Open sachag678 opened 1 year ago
oh oh
I'm guessing it has something to do with the python versions?
Yes. I have an issue with colab. But I don't have an issue with the local VScode Jupyter notebook.
The local Jupyter notebook version is
Python 3.7.13
The tested colab notebook version is
3.7.14 (default, Sep 8 2022, 00:06:44)
[GCC 7.5.0]
If the diff number is too small, maybe it is fine to use some way to accept it? Colab tested notebook: https://colab.research.google.com/drive/1HmZ8bgtAfvyMaZyu3Sr1Bgxsj35jitTs?usp=sharing
Maybe the issue is Pytorch version?
I used the t.grad.sum() and dt.sum() to compare the sum between colab and the local notebook. colab.txt local.txt
I posted it on Pytorch forum, and I got no answer: https://discuss.pytorch.org/t/numerical-instability-in-google-colab/163610 I am planning to post it on Colab Git Issues.

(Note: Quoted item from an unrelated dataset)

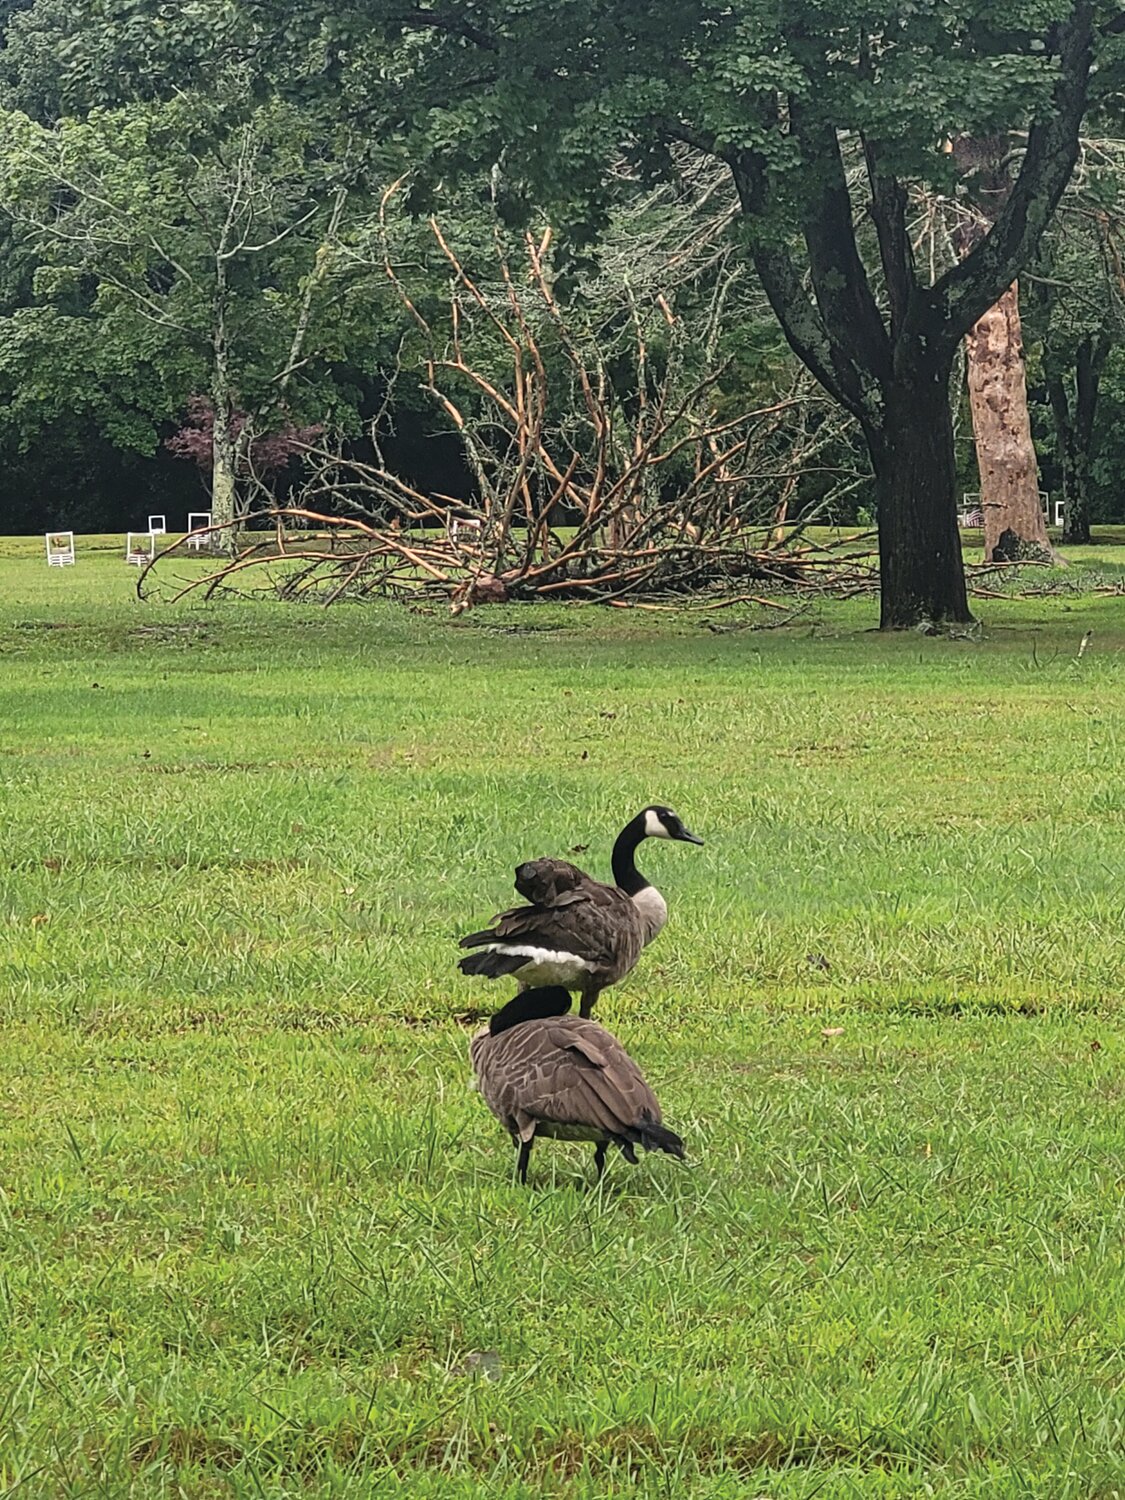 CALM AFTER: As the sun crept through the thick white cloud cover, a flock of Canada geese landed amid the cemetery’s scattered synthetic flowers and piles of broken wood.

Yes. I have an issue with colab. But I don't have an issue with the local VScode Jupyter notebook. The local Jupyter notebook version is Python 3.7.13 The tested colab notebook version is 3.7.14 (default, Sep 8 2022, 00:06:44) [GCC 7.5.0]
![]()
If the diff number is too small, maybe it is fine to use some way to accept it? Colab tested notebook: https://colab.research.google.com/drive/1HmZ8bgtAfvyMaZyu3Sr1Bgxsj35jitTs?usp=sharing
Maybe the issue is Pytorch version?
I am getting exactly same maxdiff
for hpreact, and my notebook is running on local machine.
Python 3.9.13
&
torch.version '1.12.1'
I've got a strange observation (using the colab version)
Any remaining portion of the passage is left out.